In the next experiments, we have used the software GuRoBi, Gurobi Optimization, LLC (2022) to calculate z(G) by solving the CP problem. Even though the CP problem is NP-complete, the instance size is small as the number of items is 16 at most. So, computational times are negligible even though they must repeated N times, less than 30 seconds when N = 1000, as in the following experiments.

4 An application: what is salient for public opinions?

The salience of a political issue is important to political analysis, as it affects both voters’ behavior and governments’ priorities. Moreover, salience could depend by different social characteristics, such as social classes, political position and so on. In the next application it can be seen how the methodology described so far can be applied to discover:

  • whether citizens’ concerns can be clustered into homogeneous classes, grouping together concerns having the same latent source;

  • whether citizens worried for the same problem class can be characterized by any social feature, such as age, job, subjective social class or political position.

For illustrative purposes, we use the Eurobarometer ZA6928 surveyed available in the Gesis database European Commission (2018) and we compare three national audiences from Italy, Spain and West Germany. We consider the two selections question: What do you think are the two most important issues facing your country at the moment?. Here respondents can elicit up to two items among the list reported in the introduction, with the possibility of selecting no or just one item. Formally, the answer to the question is a variable X whose outcomes are every pair of issues, for example \(x_i =\) Immigration,Crime, or the outcome is a singleton, such as \(x_i =\) Health. The X domain is composed of as many answers as the item pairs, that is, the 16 items can be combined in more than 90 ways to obtain the faithful representation of the survey data. However, this variable X has never been analyzed in its full complexity. Rather, the data frame containing the survey responses X proceeds with a simplification. X is splitted into 16 variables/columns, say \(Y_i, \, i = 1, \ldots , 16\), reporting the dichotomy mentioned/not mentioned for every single issue. After that, the statistical analysis is usually carried out using the simplified variables \(Y_i\), see for example Rouet (2016); Bevan et al. (2016); Traber et al. (2022). and one of same Eurobarometer reports such as Brussels (2018).

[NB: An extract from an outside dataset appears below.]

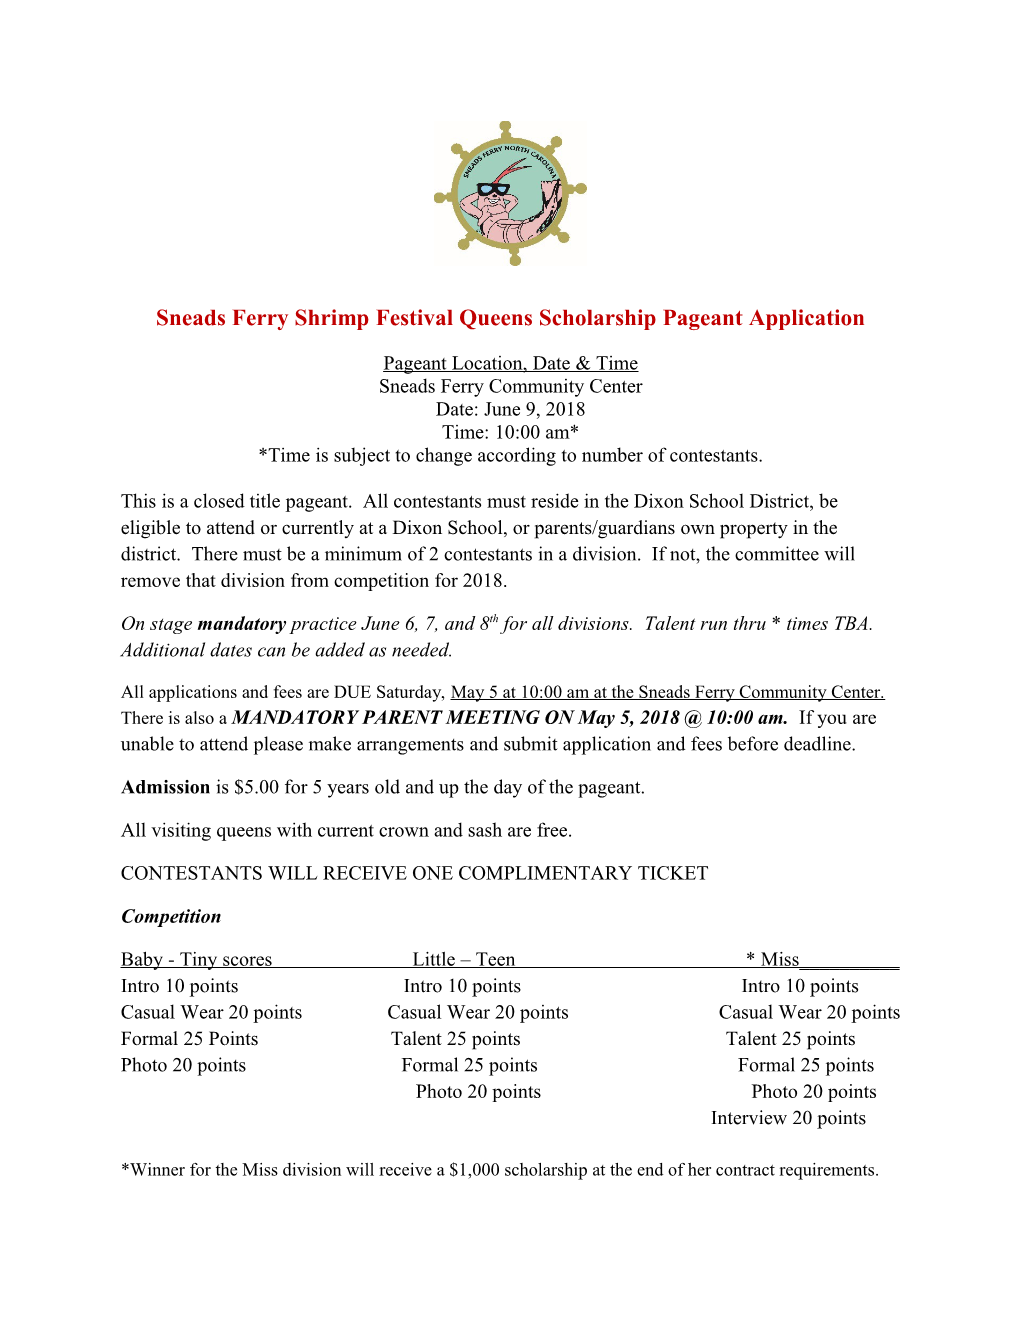 Sneads Ferry Shrimp Festival Queens Scholarship Pageant Application

One may argue that the variables \(Y_i\) are not the faithful translation of the original answers. Giving the possibility of two answers, What are the most important issues is translated into Is [issue name] among the two most important issues?, one may claim that passing from X to \(Y_i, \,i = 1,\ldots ,16\) results with information lost and it could flaw the following statistic analysis. For example, in the original survey the Immigration issue can be mainly combined with Unemployment or, alternatively, with Crime. The two possibilities may lead to a different social interpretation of the choice: in the former case, one may claim that immigration is a concern because it worsen the job market, while in the latter case, because it worsen the public security. Next, suppose that two basic exploratory techniques such as two-way tables and correlations are used to analyze X. One cannot apply two-way tables directly to X as it would imply a table with at least 90 lines, therefore one could use correlation on the simplified data \(Y_i\) to reveal whether some issues have been consistently mentioned in pairs. Unfortunately, this is not a viable methodology: due to the constraint on choosing at most two item, a mention (standing for 1 value) is always most often combined with a no mention, (standing for 0 value) and then the correlation is a negative number for most pairs \(Y_i, Y_j\).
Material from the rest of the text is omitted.